The lady grew flustered.  "Oh, that's pi, isn't it.  How much is pi?  Do we need pi arr squared, here, or is it two pi arr?  Is it pi that is three and one‑seventh?..."  I stopped her.

"Stop," I said. "Never mind about π and some formula you learned in high school.  That's not what I'm after.  You know what a circle is.  Picture one in your mind.  Imagine it is eight feet across, and you have to walk around its rim.  How far around is it?  Just be reasonable; forget mathematics.  How far around will it be?"
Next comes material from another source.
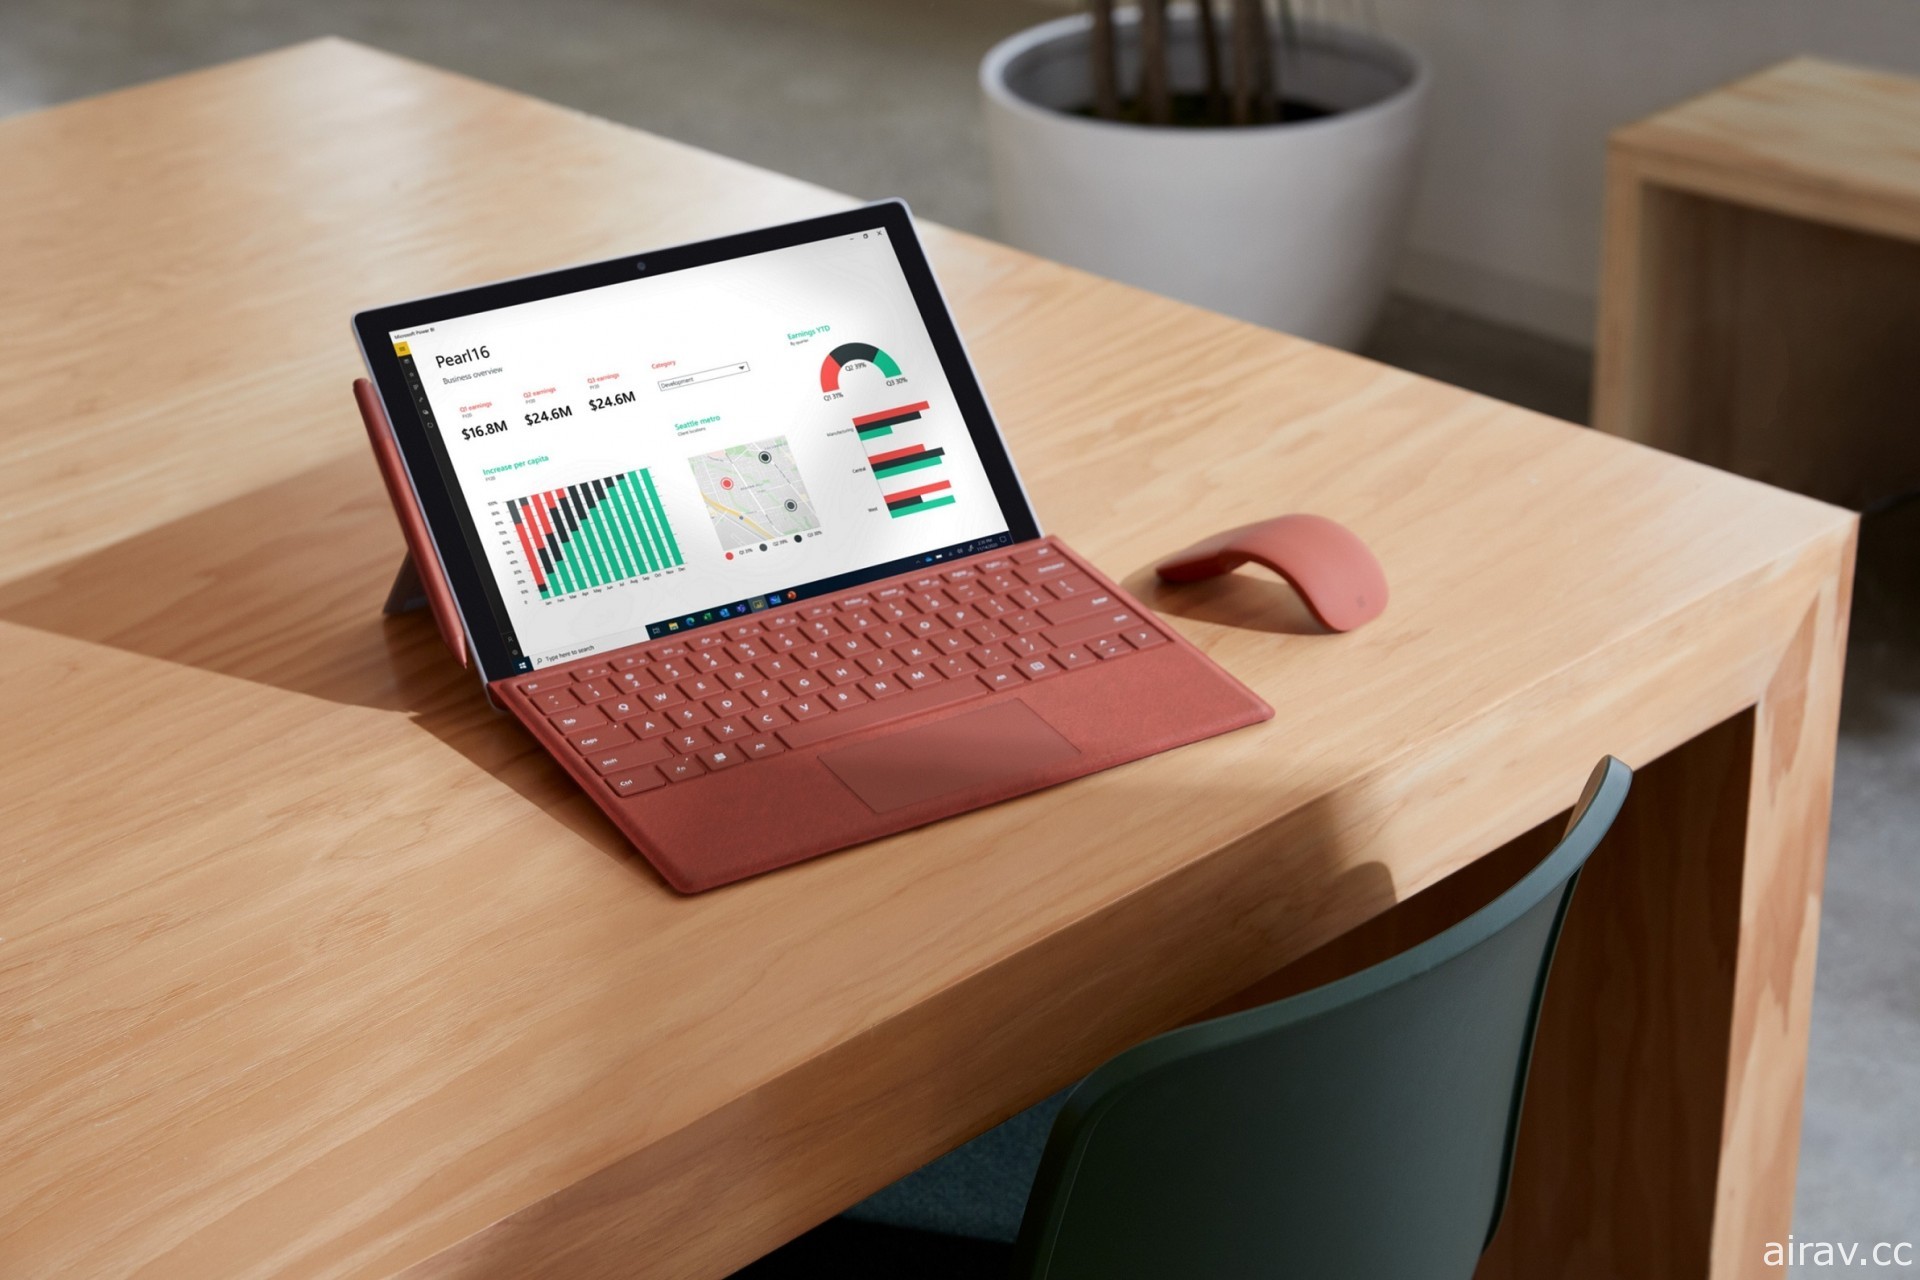 微软发表 Surface Pro 7+ 商务版二合一笔电 LTE 功能将克服环境挑战、保持联系

She said, "Why, about twenty‑five feet, I suppose."  I said, "Very good; that's right.  Now how did you get that?"  She couldn't say.  The nearest thing to a calculation she could come up with was this:  that it was plainly more than twice as far around, because going back and forth once was already twice as far, and didn't yet enclose any territory.  So it must be about three.  But she was vague about it.  She relied, I believe, mainly on her memory of what a circle looks like, and her tactile sense, perhaps imagining what becomes of a circular string when unwrapped and measured against a diameter.  She had forgotten to worry about π by then, and was grateful that I was not drilling her in mathematics.